● Task directions:
What you write must be the listing below in full, word for word, minus its pictures.

● Data shown:
---

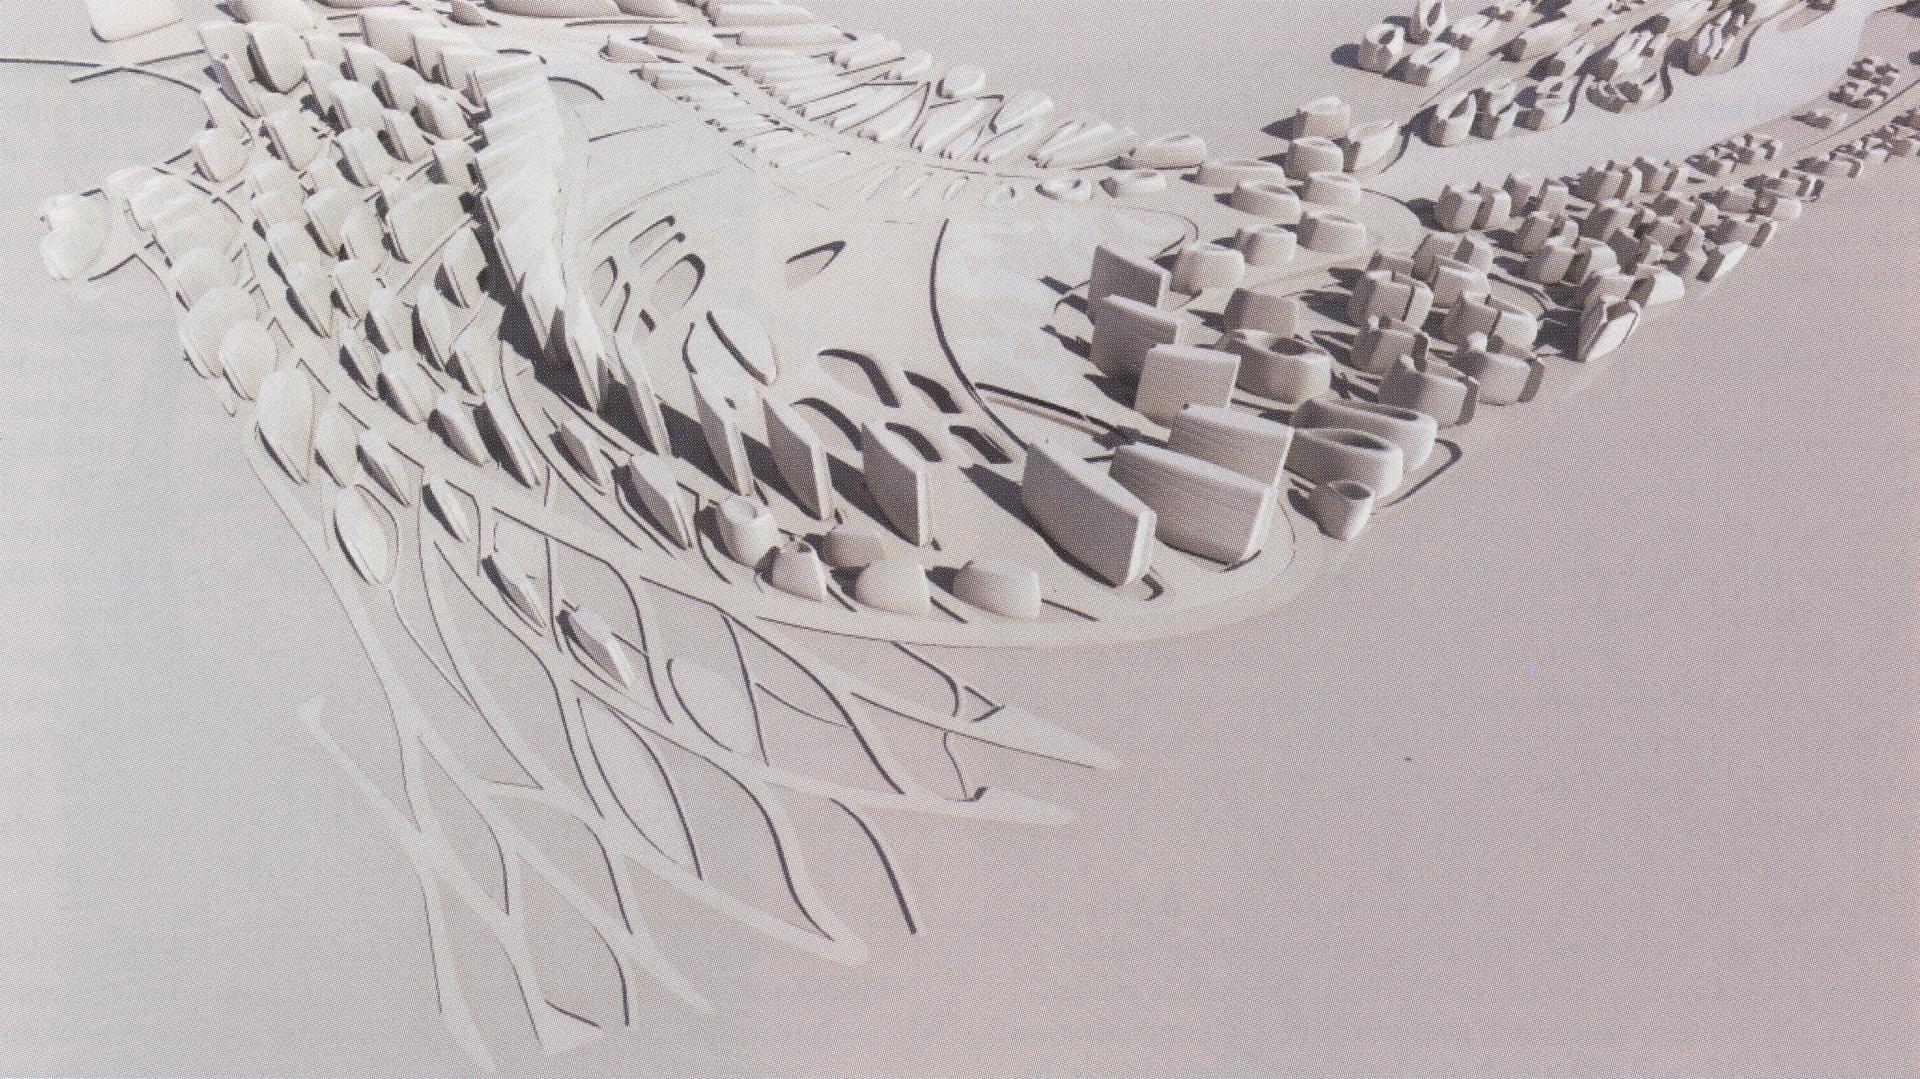 ©2008, Nils Fischer, Parametric Urbanism, Procedural Complexity
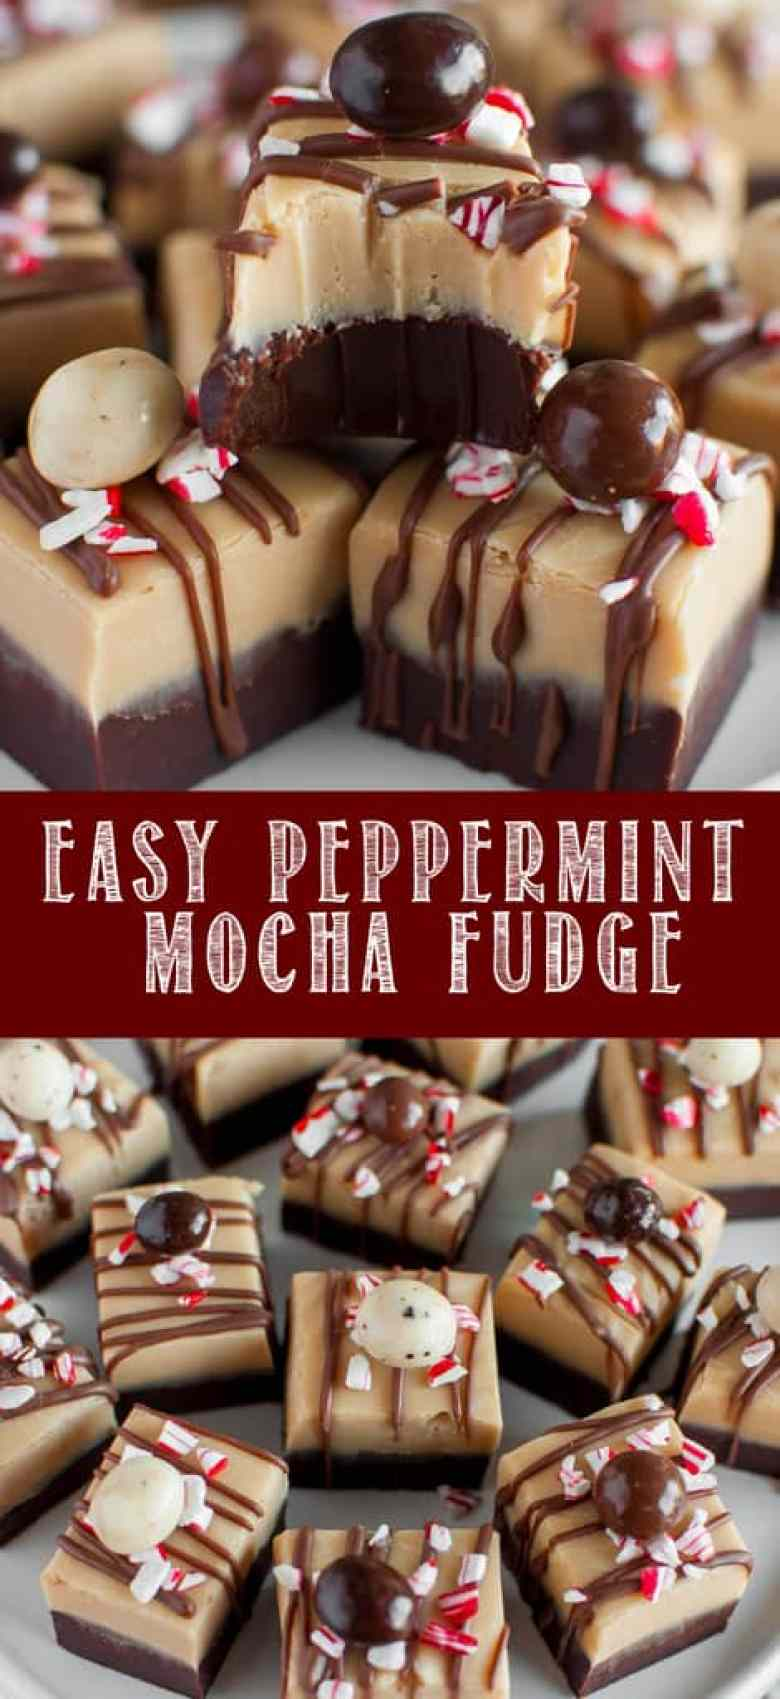 Peppermint Mocha Fudge collage photo
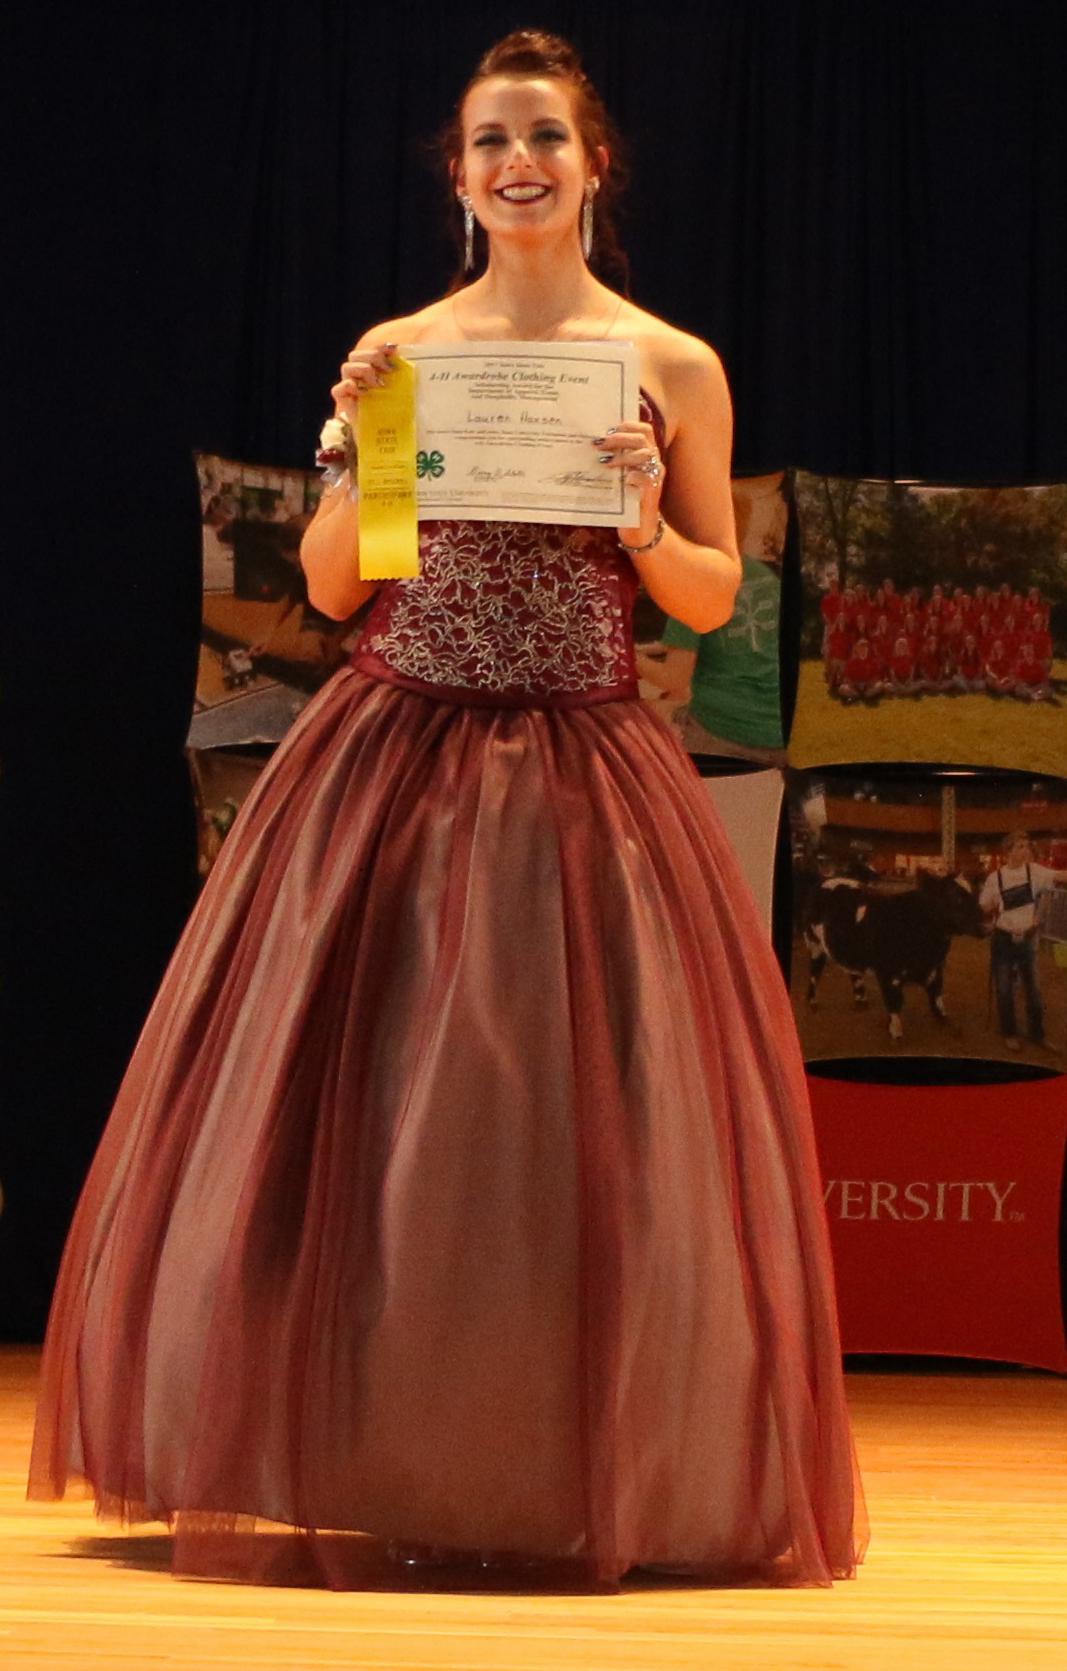 Iowa 4 H Awardrobe Clothing Event Award Winners Announced News

---

● Answer box:
 ©2008, Nils Fischer, Parametric Urbanism, Procedural Complexity
 Peppermint Mocha Fudge collage photo
 Iowa 4 H Awardrobe Clothing Event Award Winners Announced News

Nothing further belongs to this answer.